The issue was discussed by politicians locally (because there is nothing much else going on politically here at the minute) and Sinn Fein councillor Fra McCann said people have a right to wear whatever they want when they go to Tesco.

I'll be in Tesco Falls Road tomorrow wearing my bowler hat and orange sash then.

Thursday, January 28, 2010

Earthquake strikes Donegal

It has been confirmed that there have been two minor earthquakes in north County Donegal in 24 hours. The School of Cosmic Physics in Dublin said one on Tuesday night measured 1.5 on the Richter scale while another on Wednesday morning measured 1.7

The school's Thomas Blake said the tremors were "nature's way of releasing the stresses and strains built up over time in very deep faults".

Not true. It was the tremors resulting from the other half's snoring reverberating through the nine counties that did it. He has gone to Colorado. Expect avalanches.

Tuesday, January 26, 2010

Late thoughts

Did you know, that if a Ryanair planes crashes and you have to evacuate via the big yellow slides, you have to leave your false teeth behind? It's true.

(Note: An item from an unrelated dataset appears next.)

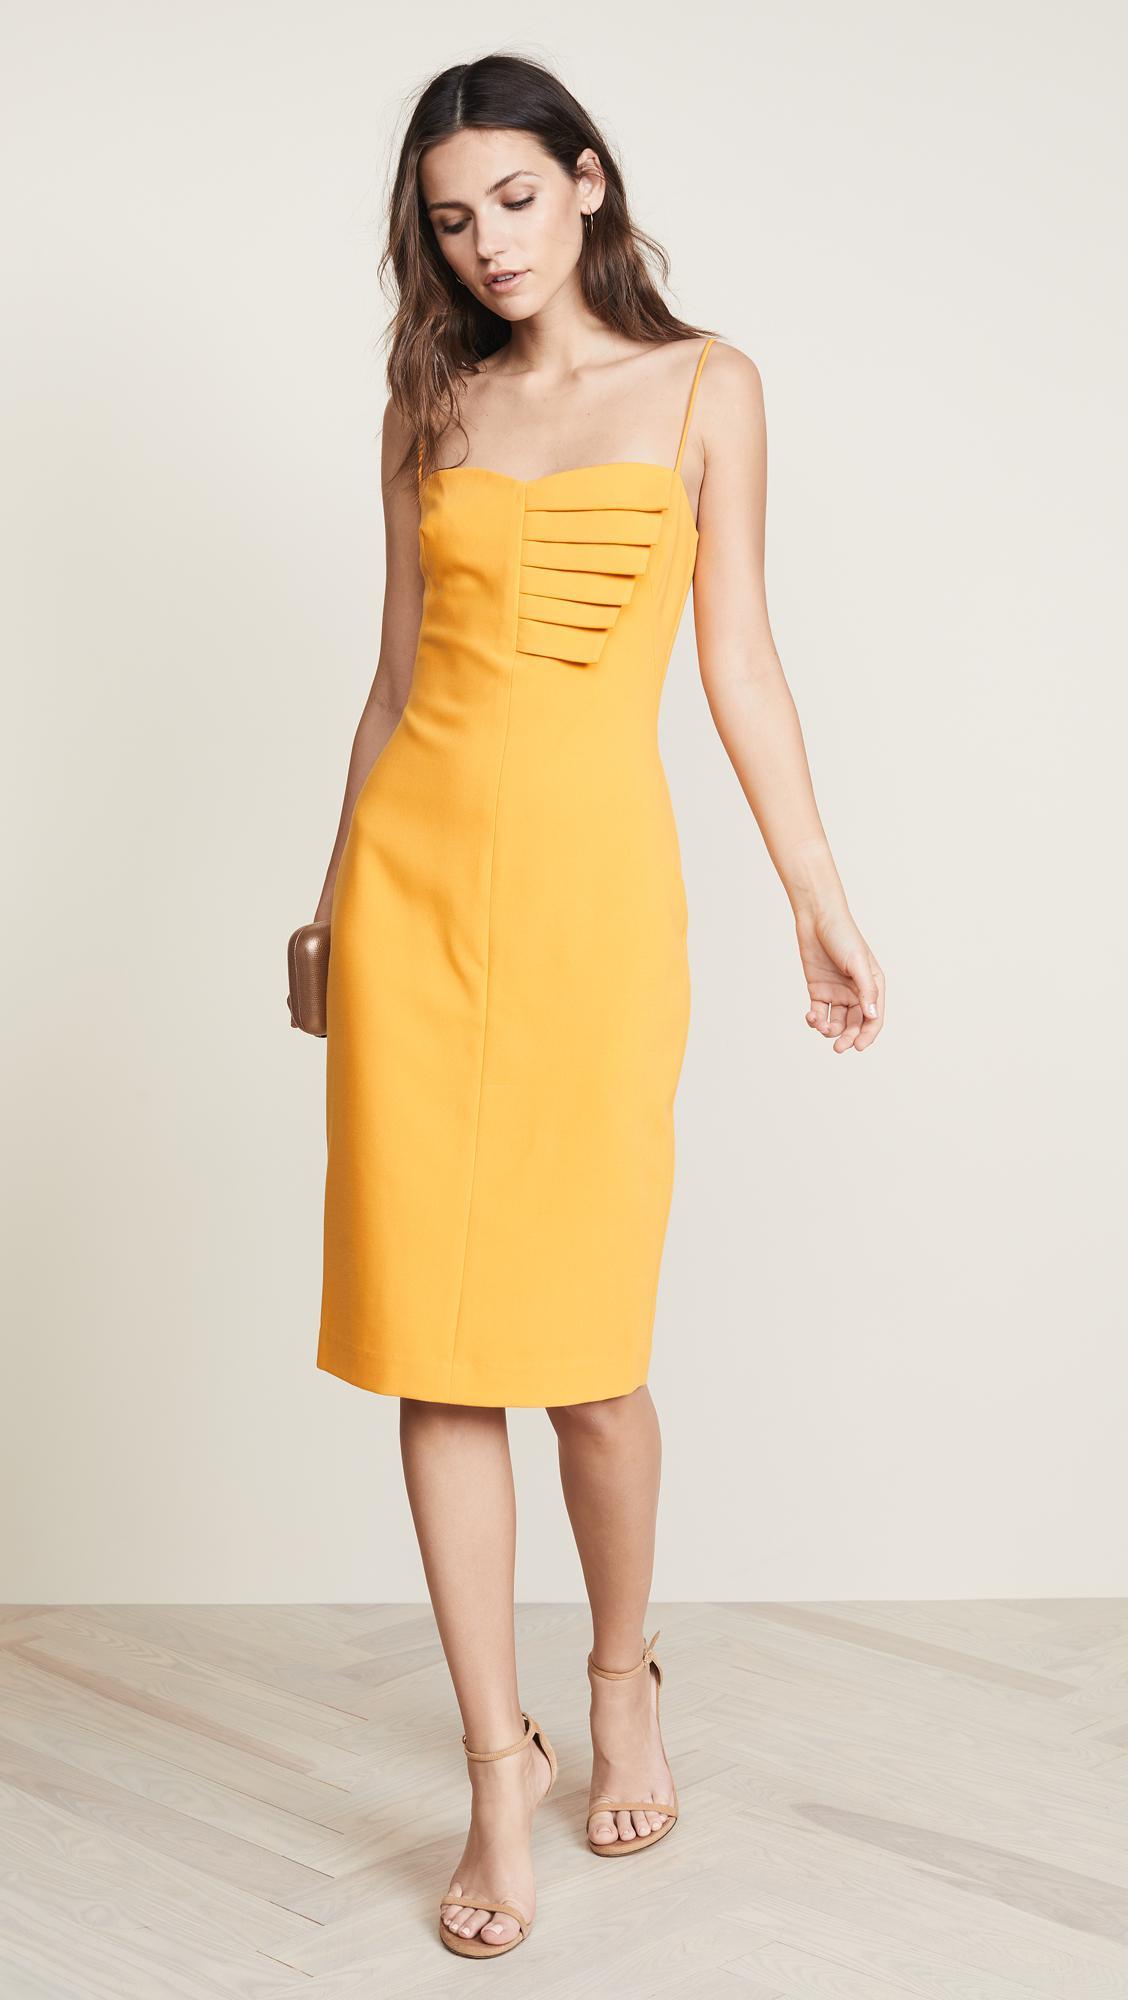 Black Halo Akeno Sheath Dress in Yellow - Lyst

Some women shouldn't be allowed to go to rugby matches. Specifically the ones who are only there because they have been taken on the promise of shopping and sight-seeing round the fixture. They generally turn up in faux fur coats. And sit in front of you waving flags some idiot has given them unwittingly.

Also, if you have to evacuate a Ryanair plane via the big yellow shoots, you must cut off your ears first. Actually, thats not true. It just looks like that on the safety card. Apparently, you just have to remove your earrings.

Sunday, January 24, 2010

Ryanair

I love the way Ryanair make you queue at the gate the minute they hear that the plane you are expecting to board has left the airport it is coming from. That's by the by.

Our outbound Ryanair flight to Bristol this weekend was crewed by Herr Flick of the Gestapo. As we boarded we were told to 'get out of ze aisles, let others past!' As we readied for take-off we were told 'no phones allowed, not even on ze plane mode!'

But the best was during the safety demonstration when he marched down from the front of the plane to tell the people behind me, who had been talking quietly, to 'be quiet! This is for ze safety!!'

Well, after that intervention, apart from lots and lots of stifled giggles, you could have heard a pin drop! Poor Eva, the stewardess from Bratislava who was doing the demo beside me, got so fussed by him she tied herself up in knots in her emergency life jacket and had to be rescued by a passing sailor.

Friday, January 22, 2010

Another tour, another trauma

Yes, here I am in Bath. What could possibly happen? I hear you ask.
Well, it wasn't travel arrangements or weather this time.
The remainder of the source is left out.